Estonians shoulder national shame in ferry sinking DISASTER IN THE BALTIC SEA

September 30, 1994|By Will Englund | Will Englund,Sun Staff Correspondent

TALLINN, Estonia -- The sinking of the ferry Estonia has been a doubly traumatic catastrophe for this little country struggling to emerge from the shadow of its Soviet past.

Estonians yesterday felt not just grief for the hundreds who had been lost at sea when the ferry sank in the Baltic, but an acutely burning dismay, a sense that Estonia's ambitions to be accepted among Western, progressive nations had been critically hobbled the maritime disaster.

"The boat was called the Estonia, first of all. It was the flagship," said Tiia Raudma, who works in the Education Ministry. "In a way, it's the worst thing that could have happened."

When the Estonia went down early Wednesday off the Finnish coast, carrying as many as 900 people to their deaths, it set loose a wave of national self-doubt back home. In Estonians' eyes, the sinking seemed to mock all the progress that they thought they had made since achieving independence in 1991.

What did the sinking say about the seamanship of Estonian sailors, who had been hired to replace Swedes because they accepted lower wages? What did the inability of the ship's owners, the Est Line, to come up with a reliable passenger list say about Estonian organization? What did the rescue operation, carried out almost exclusively by Swedish and Finnish coast guards, say about Estonia's standing among its neighbors?

"This shows that Estonia, as a country from the Eastern bloc, is not ready to relate to the Western world as an equal," said Sulev Alajoe, a member of Parliament.

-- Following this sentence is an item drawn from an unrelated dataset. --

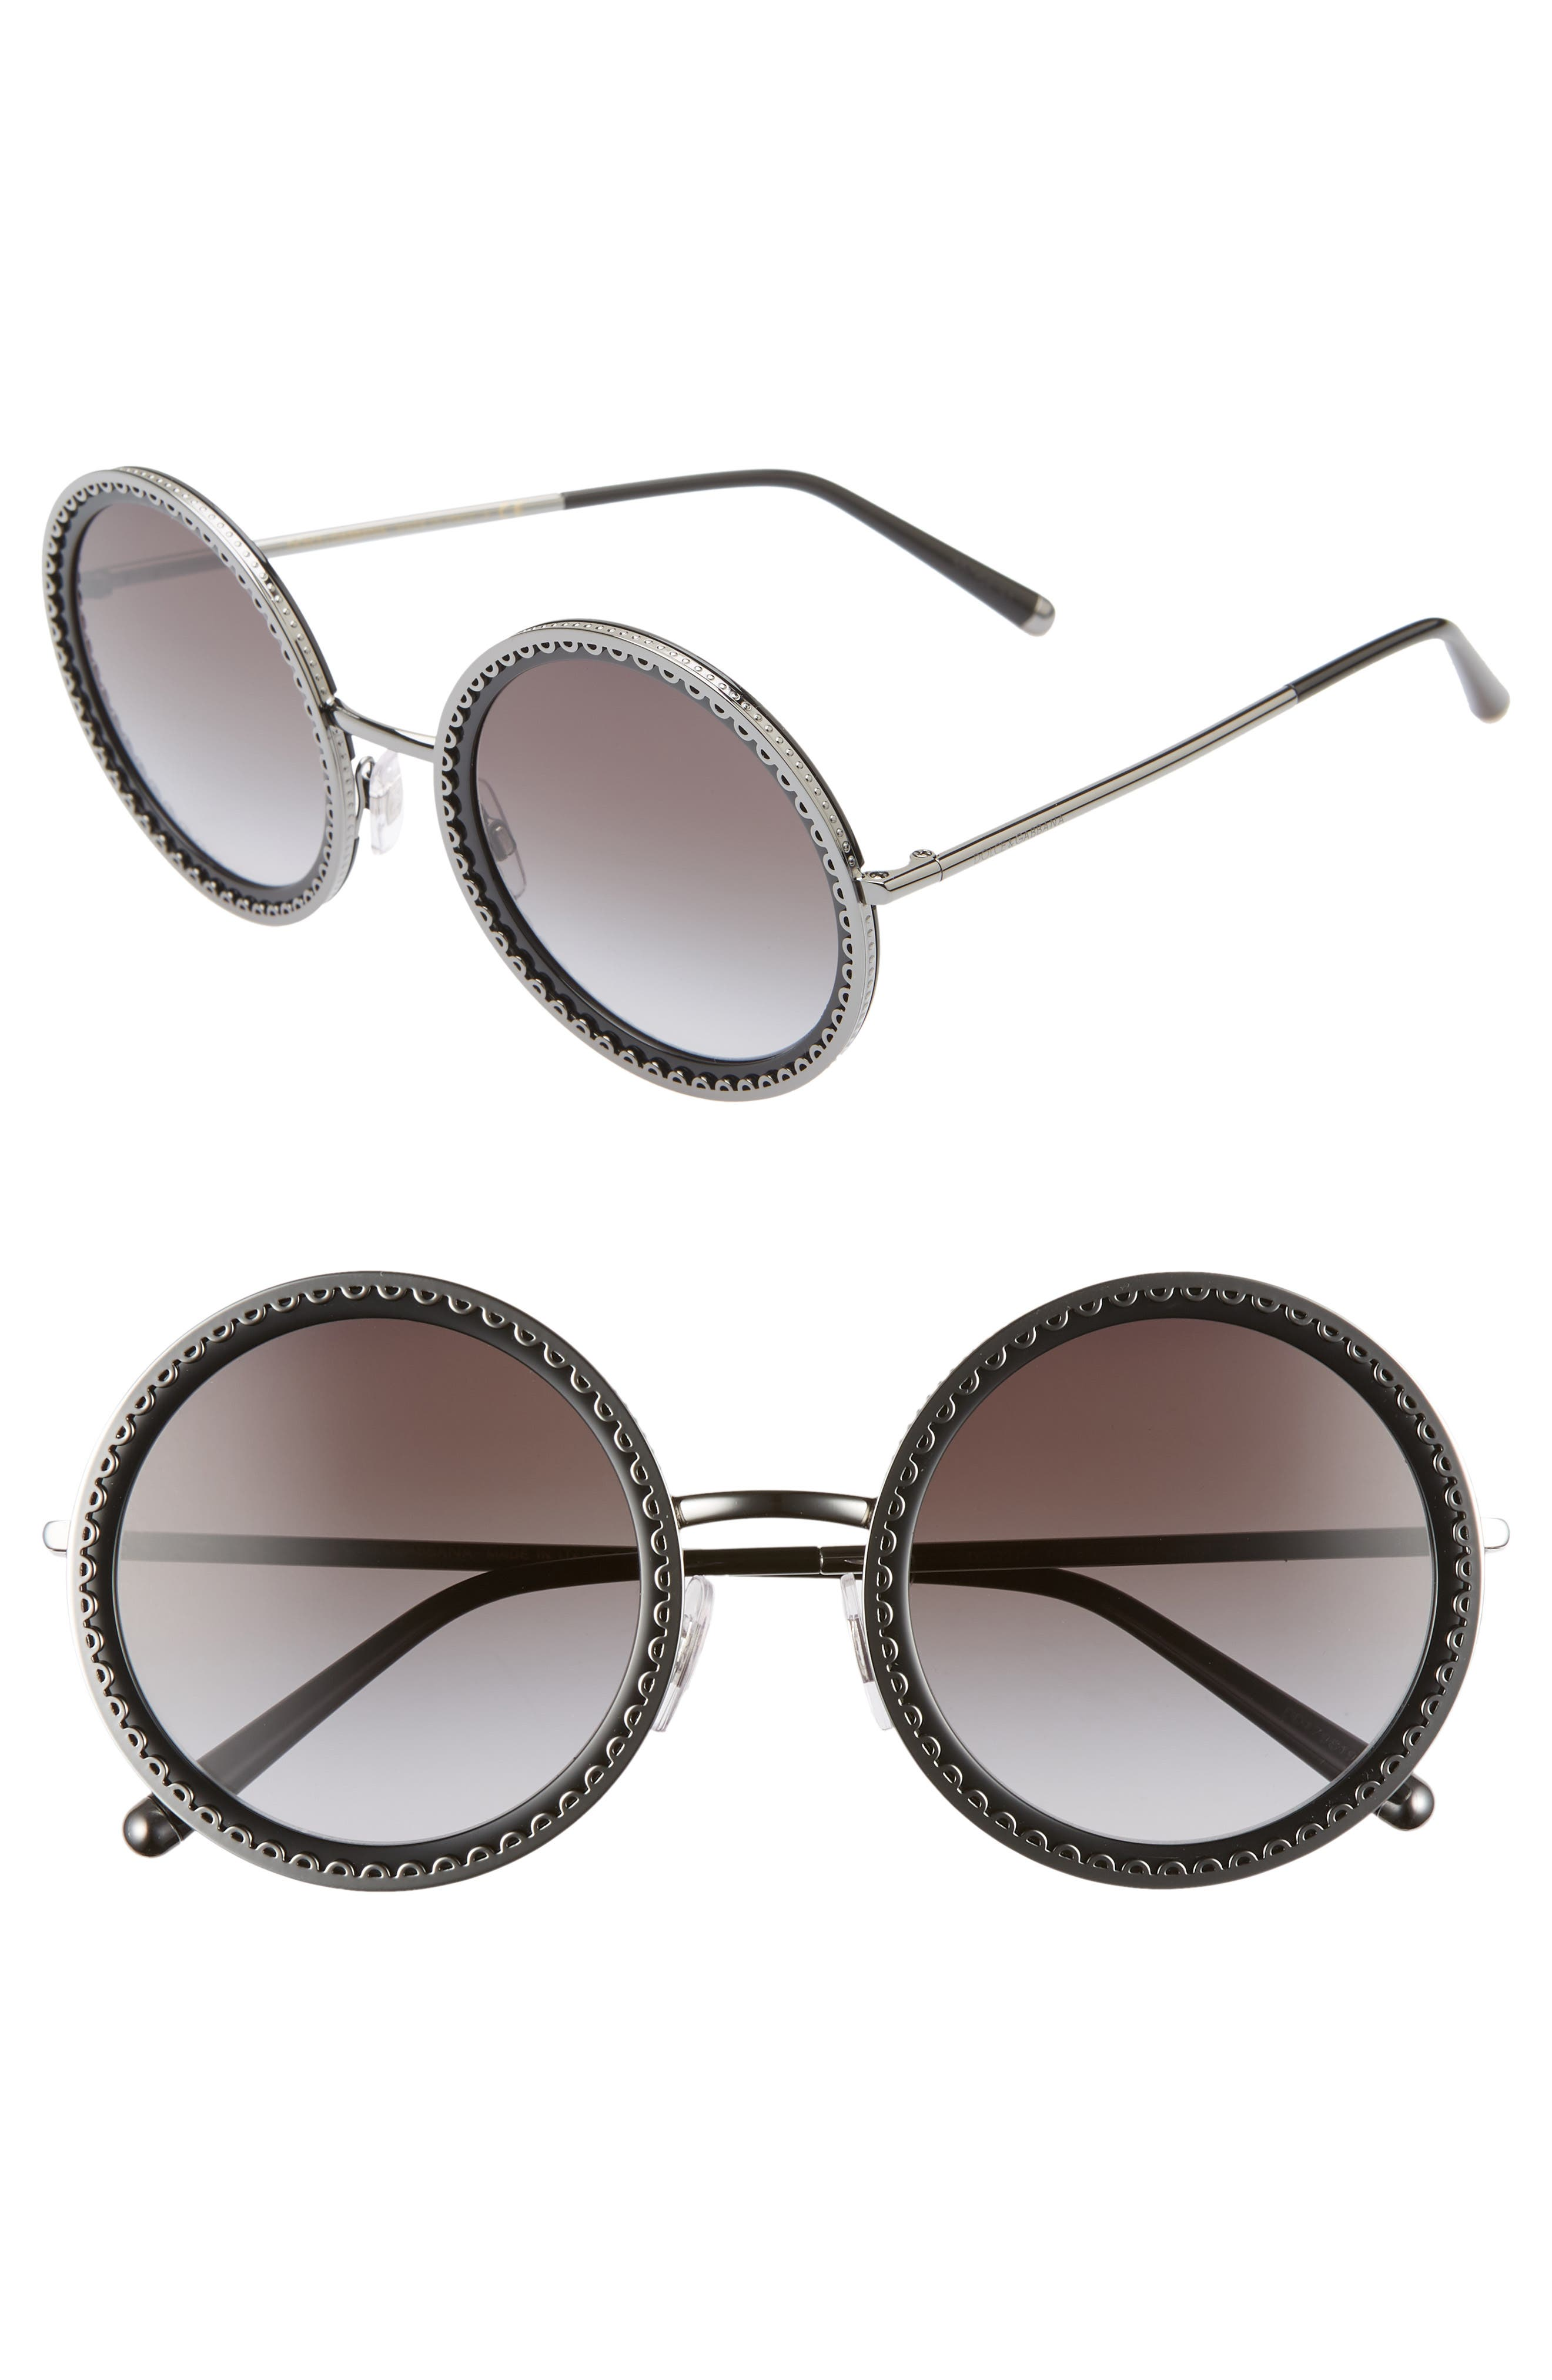 Sacred Heart 53mm Gradient Round Sunglasses,                             Main thumbnail 1, color,                             DARK GUNMETAL GRADIENT

Estonia had grown accustomed to thinking of itself as the success story among the former Soviet republics. The currency is stable, the economy is showing signs of life, private enterprise is flourishing. Although the government of Prime Minister Mart Laar was toppled Wednesday over a currency scandal, this little nation of 1.6 million has been casting itself as Scandinavia's southern annex.

Then disaster stripped away the modern veneer and, to the horror of Estonians, seemed to lay bare a national inadequacy.

"What we've achieved during these last few years -- compared to Belarus, even Latvia -- it is something. But we can't just jump over the 50 years that went before," said Mr. Alajoe. "Real change takes a generation."

What for most countries would be simply a maritime disaster, is for Estonians a reflection on their national character. Worst of all, the majority of those who died were Swedes, the very people Estonians want most to emulate, and whose scorn they want most to avoid.

"It's a great misfortune, to be sure, and a great catastrophe," said Jaan Kross, a novelist whose works have been published in the West. "But for a little country like ours, it's also very problematic."

Doubts about the inadequacy of Estonian training and preparation won't go away, he said. "We'll be hearing more of that. It's unfortunate. It's just one more problem."

Officials of an Estonian emergency committee set up to deal with the sinking complained yesterday that the Finns, who have been coordinating the rescue effort, have not been conscientious about providing them with information.

Eleven Estonian survivors arrived home in Tallinn yesterday, but government officials said they had received little advance notice.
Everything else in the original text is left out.